The top two houses have put some of their most expensive works, worth more than £192m, on public show until Tuesday at their Mayfair galleries, hoping that pre-sale exhibitions might inspire impulse-buying from serious collectors making the London stop on the art trail.

Christie's, the world's biggest auctioneers, has a star lot that is a price-on-request (estimated to be about £14.7m) diptych by the late 20th-century American painter Jean-Michel Basquiat, and a painting by Wassily Kandinsky, which could set a lifetime record for the Russian Expressionist if it sells north of that price. Its top estimate is £15.9m.

Sotheby's has Claude Monet's Le Palais Contarini with a top estimate of £19.92m as well as paintings by the 18th-century French artist Claude-Joseph Vernet (£4.94m) and David Hockney (£2.95m).

Alongside the Old Masters and modern and fine art, auction houses have included precious objects such as a Georgian coffee pot expected to become the most expensive piece of English silverware ever sold and a 15th-century Virgil manuscript, as well as collectibles such as a watch worn by James Bond in Thunderball and previously unreleased Bob Dylan lyrics.
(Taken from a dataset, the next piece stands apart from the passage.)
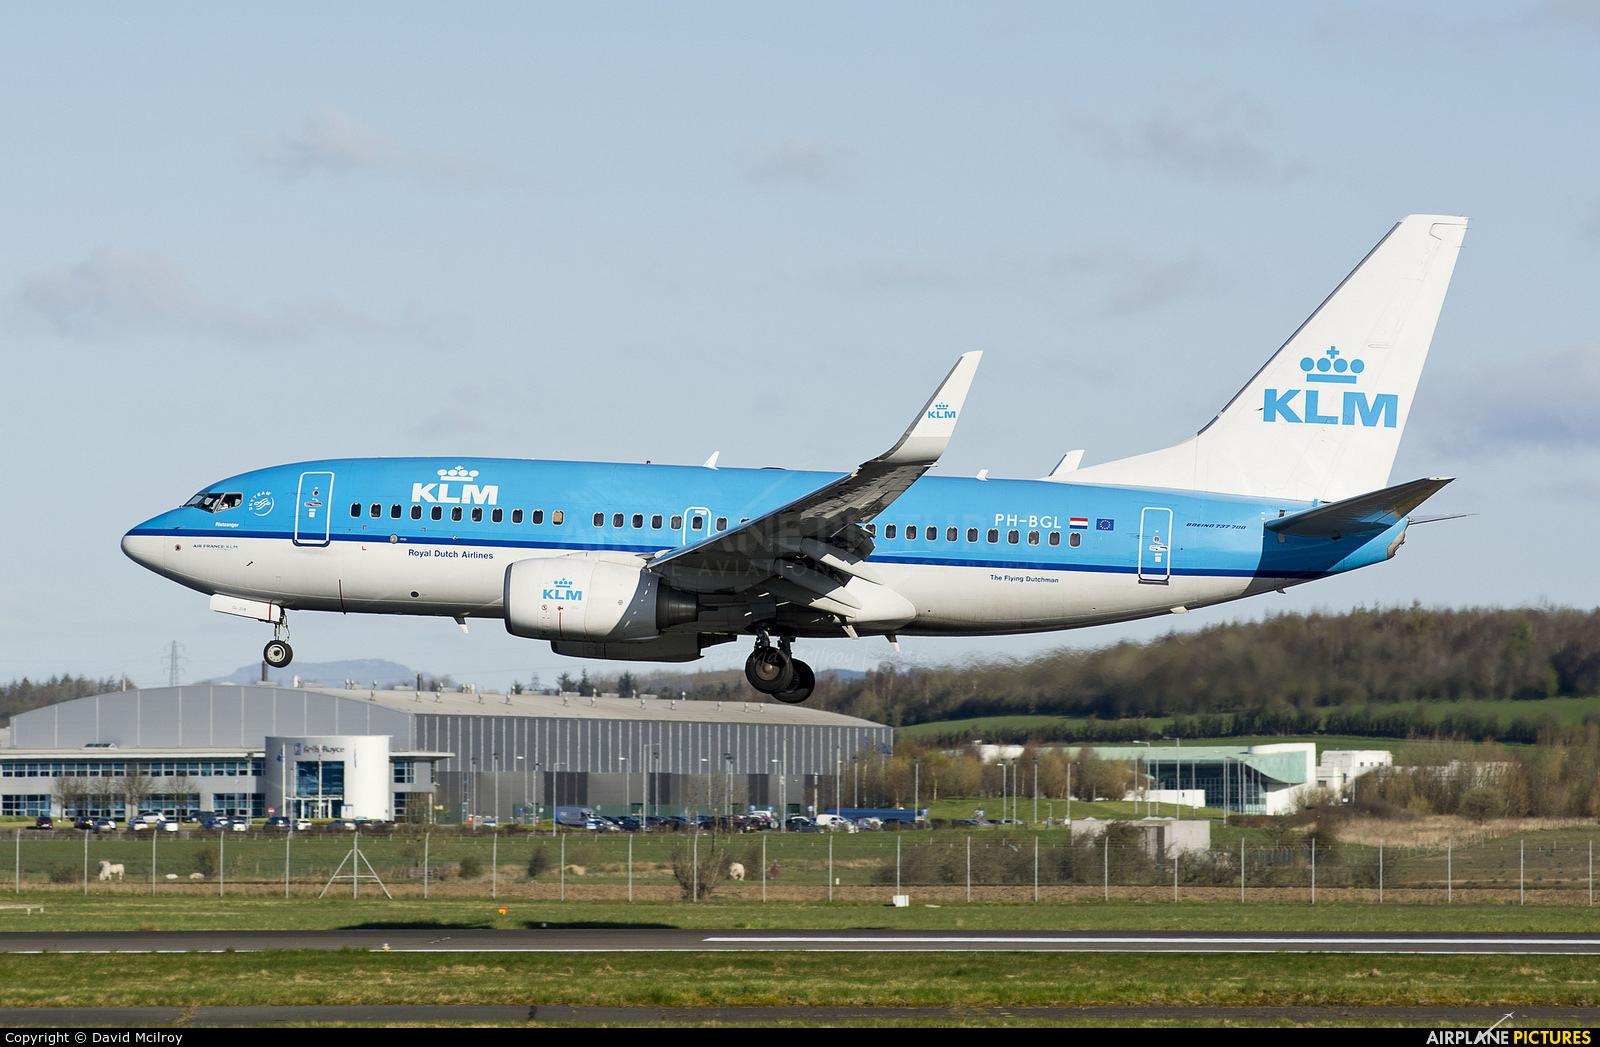 KLM PH-BGL aircraft at Glasgow

London, popular with Russian tycoons who have homes in the capital and Middle Eastern buyers just a mid-haul flight away, will also offer sculptures, from antiquities to Alberto Giacometti, Henry Moore and Elisabeth Frink, as well as fine Louis XIV furniture.

A jewelled automaton silkworm and a pair of Louis XVI vases are among the 80 works chosen by Sotheby's for public display, along with a 17th-century El Greco painting and a 1927 piece by Piet Mondrian.